Nurture the Relationship to Help It Grow into a Long-Term One
Both in-house and outside attorneys say that developing and nurturing long-term relationships are key to realizing value that goes beyond the actual billed-for services. When a long-term relationship is in place, the outside attorney typically has gained a deep knowledge of a specific client’s business, the client’s “bread and butter” products as well as product growth areas, the competitive landscape and existing prior art, and other legacy knowledge about a company’s products and IP portfolio. This knowledge underlies and informs all of the work that is done for the client. According to one in-house attorney, “this knowledge is value that we don’t have to pay for outright, but we still get. This is a true partnership.”
Creativity Adds Value
In addition to understanding the client’s business, providing creative strategies to resolving legal issues can help boost your credibility and value to an organization. Subject matter expertise and “creativity” are a significant value-add from outside attorneys in the patent area. Mehta says “without creativity, an outside attorney is merely a transcriber of the inventor’s words. The outside attorney should be able to challenge the inventor to consider the invention outside of the context of the business in which they work, and to identify broader technological implications of the invention as well as potential challenges to implementation that may need to be overcome.” The best outside attorney adds the “what if” and the “what else” to the conversation, and thinks about the most creative ways to protect or claim their inventions.
Understanding Best Practices
The outside attorney can also help identify best practices. Because outside attorneys are often working with multiple clients across many industries and technology areas, they are in a position to educate their clients on challenges and trends they are repeatedly seeing. In-house attorneys should encourage their outside attorneys to share nonconfidential industry best practices learned from working with a broad spectrum of clients.
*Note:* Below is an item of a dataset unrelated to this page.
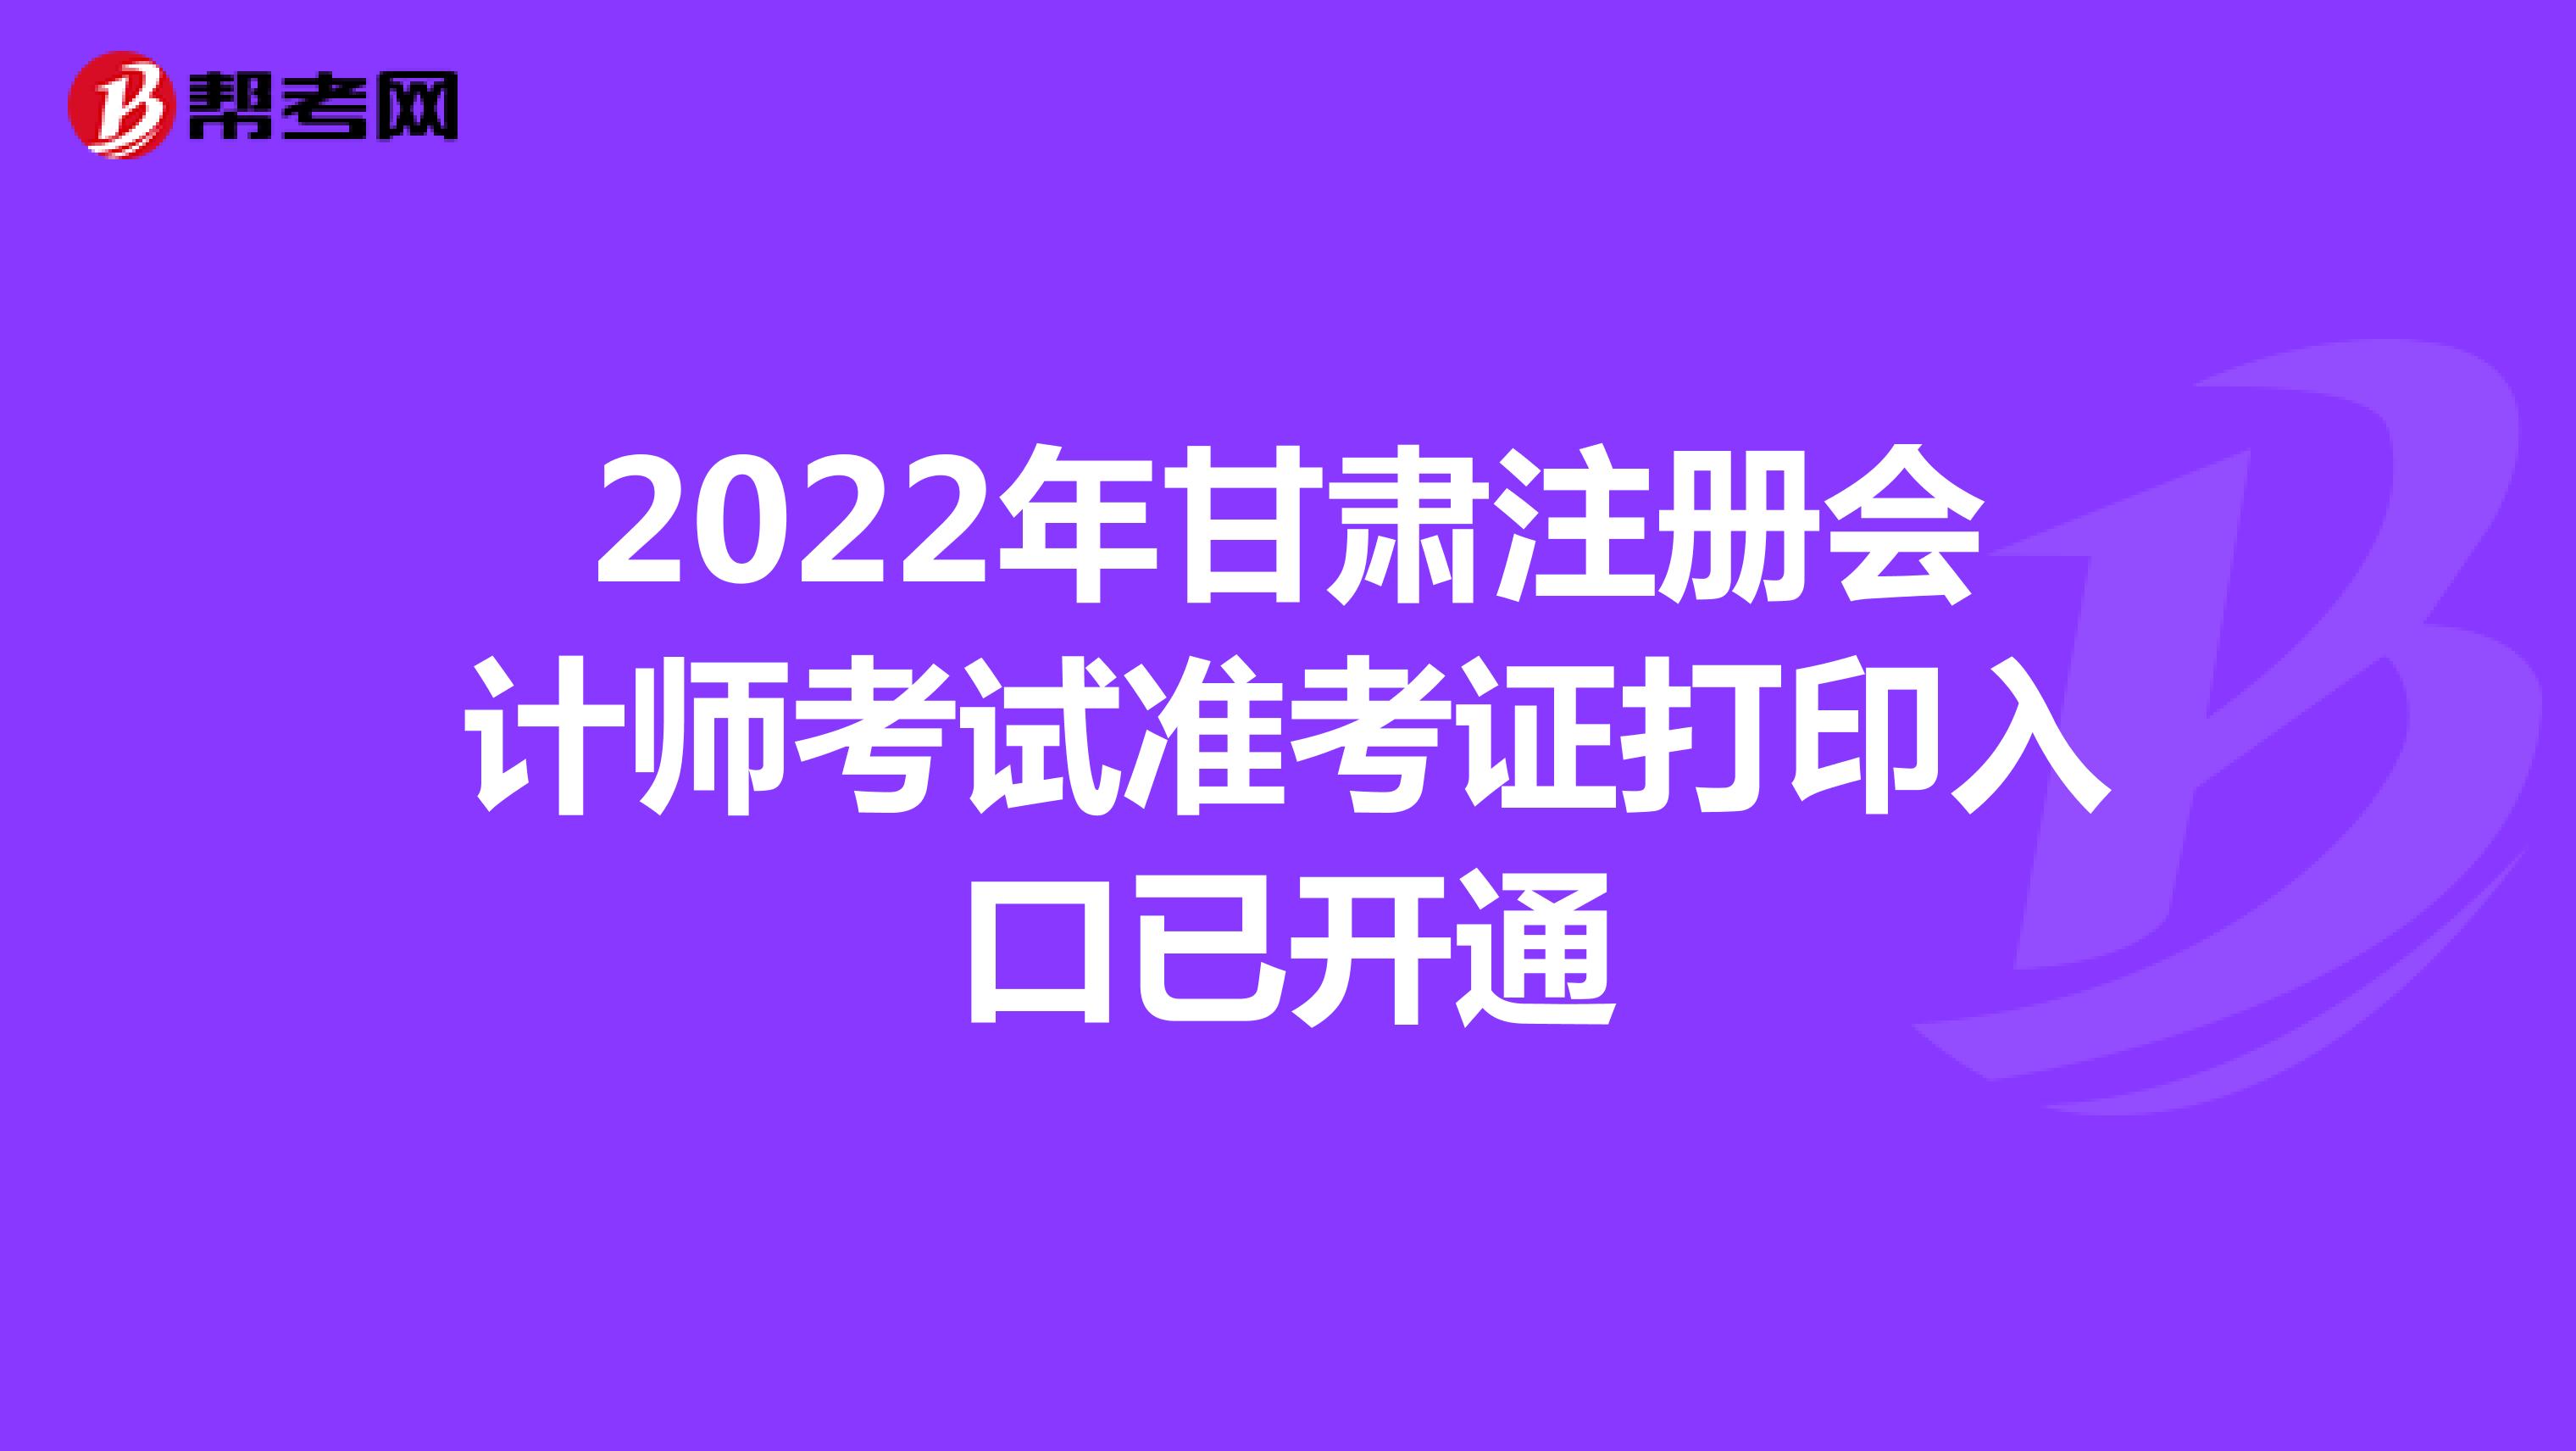 2022年甘肃注册会计师考试准考证打印入口已开通

Most often, in-house attorneys are stretched thin juggling multiple worldwide IP portfolios and providing counsel to their internal clients on other matters. From a purely straightforward perspective (i.e., money out = services in), outside attorneys can help make the in-house attorney’s job easier. In many cases, an outside attorney’s insight and recommendations on managing particular aspects of an IP portfolio can save the in-house attorney’s time, and can also be well worth the extra money paid to an outside attorney. Keeping the lines of communication open and honest and providing timely information (both from and to the in-house and outside attorney) are critical components to establishing a long-term, trusting relationship. One in-house attorney puts it this way: “When an outside attorney can give specific insight on the direction of the portfolio and why a certain continuation should be filed, or how a related portfolio is being pursued from a global perspective, it can save me a lot of time . . . . [Getting a summary recommendation from an outside attorney] is a real value-add for our company, and we are willing to pay an outside attorney the extra money for this value.”